Forum Moderators: coopster

Message Too Old, No Replies

Missing something in a basic REGEX

Problem with slashes

         

henry0

2:34 pm on Jun 13, 2006 (gmt 0)

WebmasterWorld Senior Member 10+ Year Member



I am trying to create a very basic stop for general text
I suppose that if I disallow the basics (as done) I could be pretty much ok.
However I would like adding / and \ but as special characters if I escape a \ with \
I create an error, any work around?
<?
$str="<a]a<aa>";
if (eregi("\]¦\[¦\{¦\}¦\<¦\>",$str) )
{
echo"NO";
}
else{echo"ok";}
?>
as we know pipe in WebmasterWorld shows as ¦

henry0

3:17 pm on Jun 13, 2006 (gmt 0)

WebmasterWorld Senior Member 10+ Year Member



Well, I do not get it.
My text editor adds <span> etc..
but I am not disallowing < and >
Regardless I cannot insert
so I tried adding the following on the top of the first regex
and it works, allowing my editor included in my CMS to add span
and still catch what it should catch

if(!eregi("<¦>"))
if (eregi("\]¦\[¦\{¦\}",$dir_txt_main) )

What's happening here?

grandpa

3:18 pm on Jun 13, 2006 (gmt 0)

WebmasterWorld Senior Member 10+ Year Member Top Contributors Of The Month



comment deleted.

<backing up to punt> :)

jdMorgan

3:30 pm on Jun 13, 2006 (gmt 0)

WebmasterWorld Senior Member 10+ Year Member



Do group alternatives in [] work?

Something like:
if (eregi("[\][()<>/\\]",$str) )

(Not sure I escaped all the chars that require it)

Jim

henry0

4:40 pm on Jun 13, 2006 (gmt 0)

WebmasterWorld Senior Member 10+ Year Member



Thans jdMorgan
but even with the missing escaped spe char
it lets the unallowed signs passing through

I just realized that without willing to do it I used an unfinished regex (the top one ) that does the job :) and does not call the string
if(!eregi("<¦>"))

I would like understanding what's going on.

jdMorgan

5:47 pm on Jun 13, 2006 (gmt 0)

WebmasterWorld Senior Member 10+ Year Member



I can't claim expertise in PHP regex, although it's very close to PERL and mod_rewrite. But one thing to bear in mind when designing 'security-related' code, is that you should design it to *allow* only what you want to allow, and not design it to disallow what you want to block.

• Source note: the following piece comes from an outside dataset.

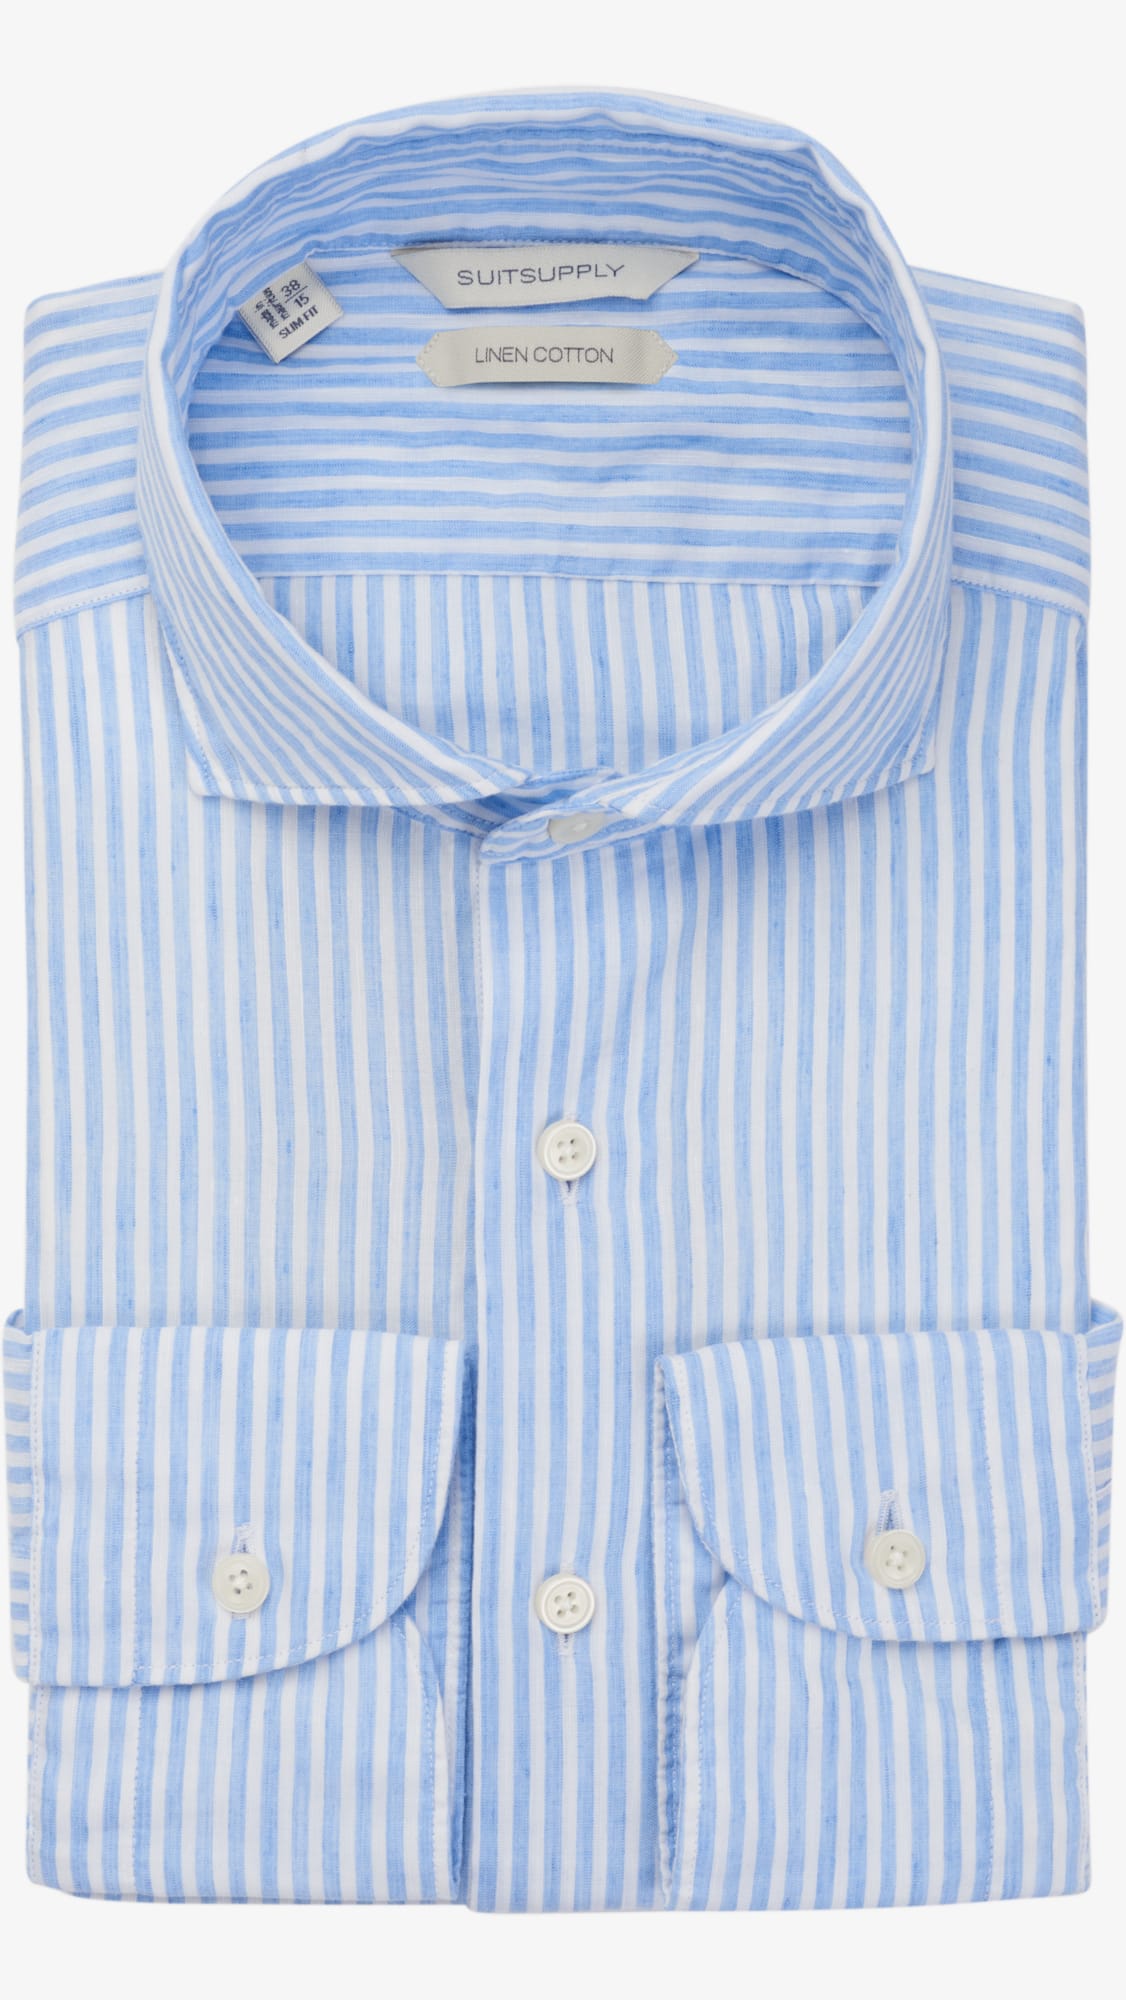 Suitsupply cotton-linen shirt 1 – Menswear Musings

The reason for this is that it is far less likely that an error will remain unnoticed if you specifically *allow* only certain characters. If you forget something while doing this, the consequences are far less likely to create a security vulnerability or go unnoticed.

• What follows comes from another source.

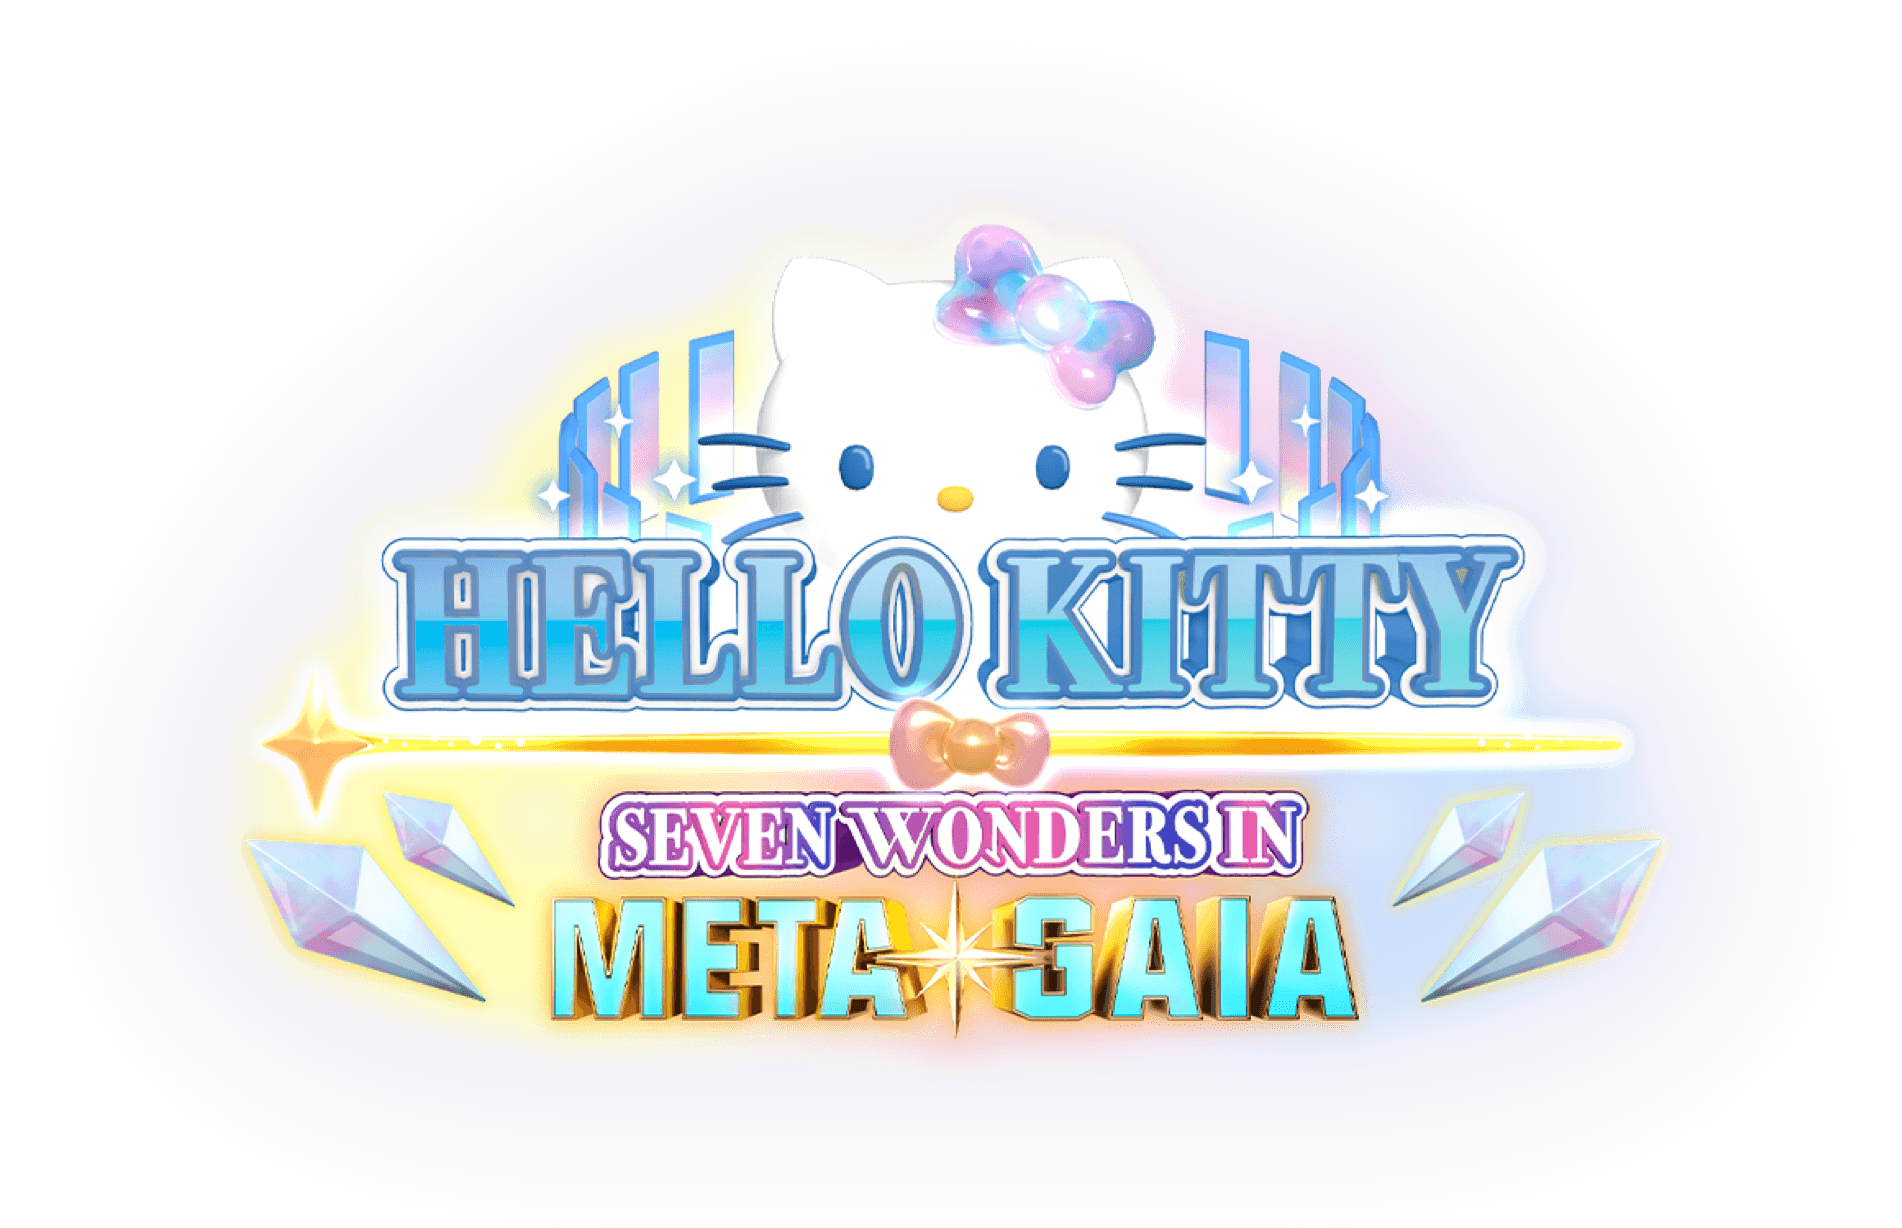 Nova' Hello Kitty quer conquistar o metaverso

In other words, start with accepting only "[\w\-]" and add to that if necessary.

Jim

henry0

6:01 pm on Jun 13, 2006 (gmt 0)

WebmasterWorld Senior Member 10+ Year Member



Thanks, I am no Regex expert (understatement) but your concept is a good rule of thmub.

henry0

9:47 pm on Jun 13, 2006 (gmt 0)

WebmasterWorld Senior Member 10+ Year Member



Mea culpa!
php.ini errors were disalowed (production server side)
that why I did not get any errors
I fixed it by checking it out with my test bed.

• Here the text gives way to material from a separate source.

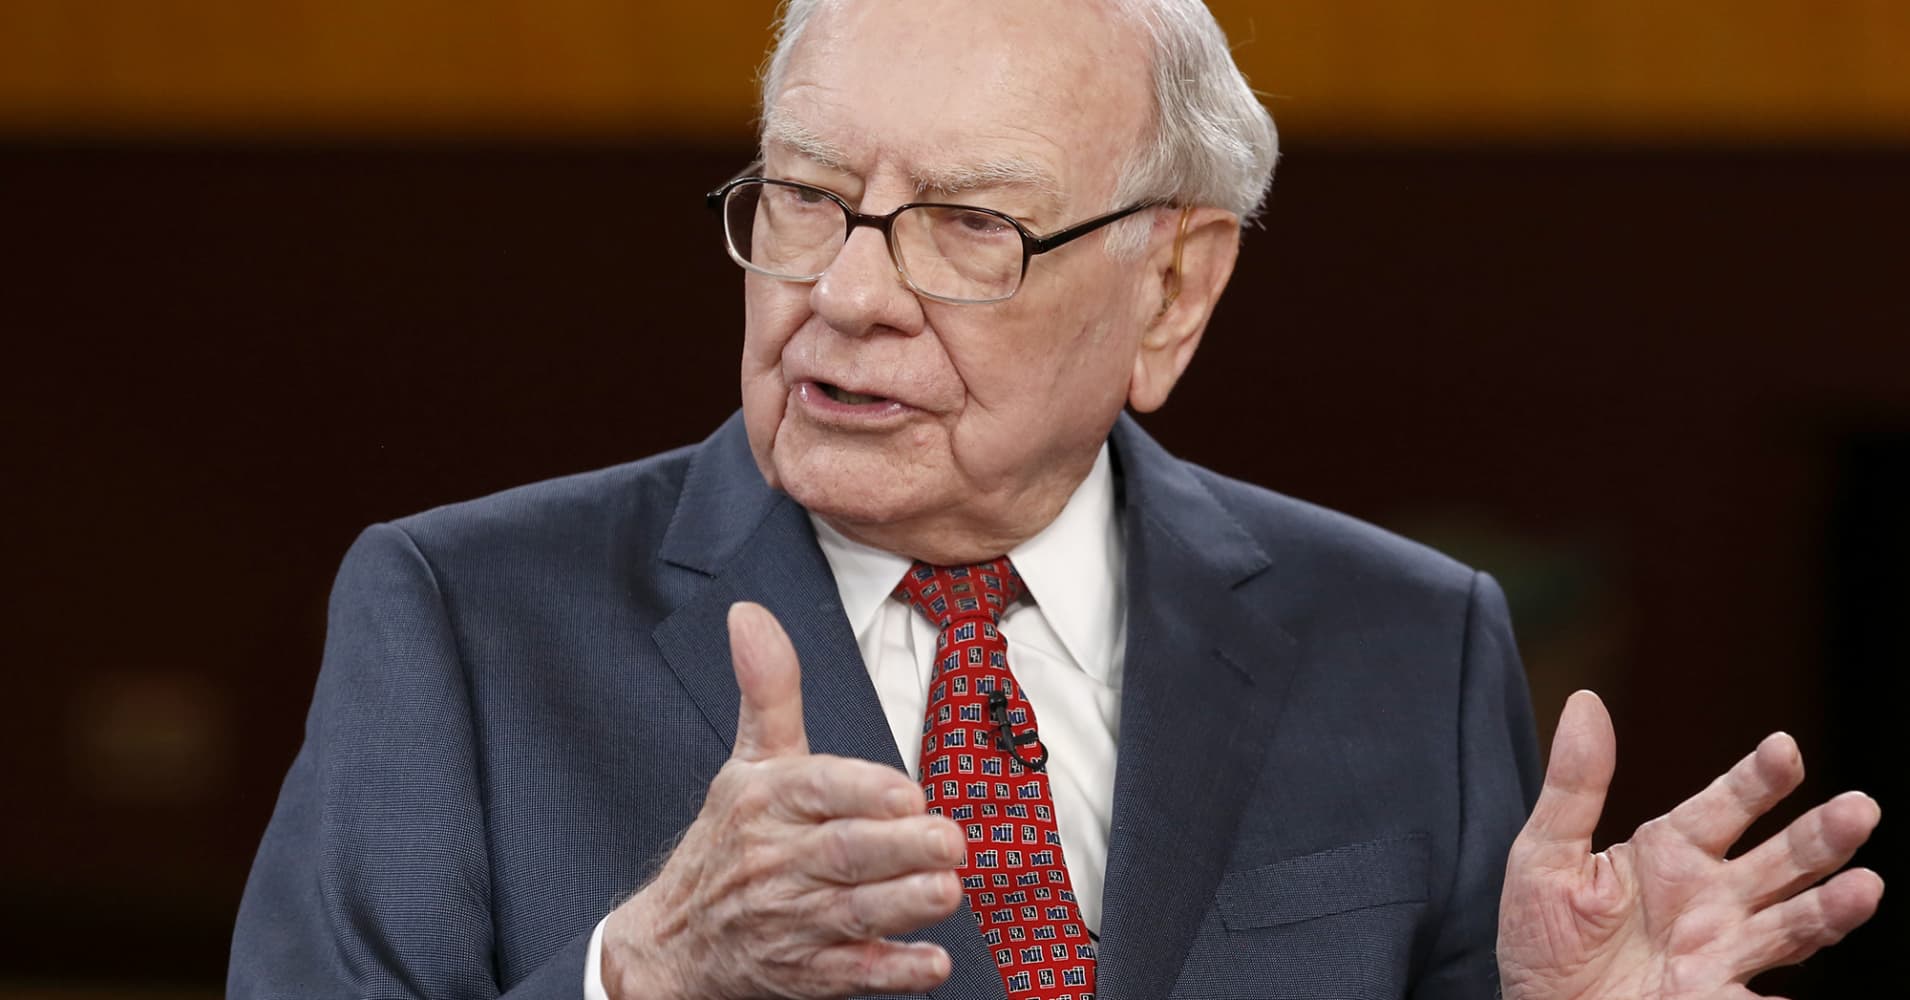 Warren Buffett: Revealing how much top execs earn isn't a good idea

So now I have still the question: How combining
if(!eregi("<¦>",$dir_txt_main))
and
if (eregi("\]¦\[¦\{¦\}",$dir_txt_main) )

coopster

1:50 am on Jun 18, 2006 (gmt 0)

WebmasterWorld Administrator 10+ Year Member



For clarifiation, can you explain the character list that you DO or DO NOT want to allow?

henry0

5:50 pm on Jun 18, 2006 (gmt 0)

WebmasterWorld Senior Member 10+ Year Member



Sorry, did not get the Auto-notification
Allowed:
<, >,@,/, [A-Za-z0-9], and any text punctuation ,. ; "
math characters: + - = :
and only those spe characters: $, %,!,?
any of the above in any order are OK

Specially disallowed {} [] and ¦(pipe) and #,*,^, ~

jdMorgan makes lot of sense even if it would be easier (at least to me!) to simply disallow {} [] and ¦(pipe) and #,*,^, ~
I was not able to built it as it is supposed to be.

Thanks

coopster

3:58 pm on Jun 19, 2006 (gmt 0)

WebmasterWorld Administrator 10+ Year Member



Building as jd suggested you can simply check for the good characters by negating the character class [php.net]. If you get a hit, you know you have a bad character. The very first character of a character class must be the caret (^) if you want to negate the entire class (see the preg_match() expression below for an example).
$string = 'This is a good string, including these chars, <>@/,. ;+-=:$%!?'; 
//$string = 'This is a bad string, including these chars, {}[]¦#*^~';
$allowedChars = preg_quote [php.net]('<>@/,. ;+-=:$%!?', '/');
if (preg_match [php.net]("/[^A-Za-z0-9$allowedChars]/", $string)) {
print 'string is NOT OK!';
} else {
print 'string is OK!';
}

henry0

8:20 pm on Jun 19, 2006 (gmt 0)

WebmasterWorld Senior Member 10+ Year Member



That I can understand :)

I like the $allowedchars.
And the use of preg_quote() that I never used before

Thanks again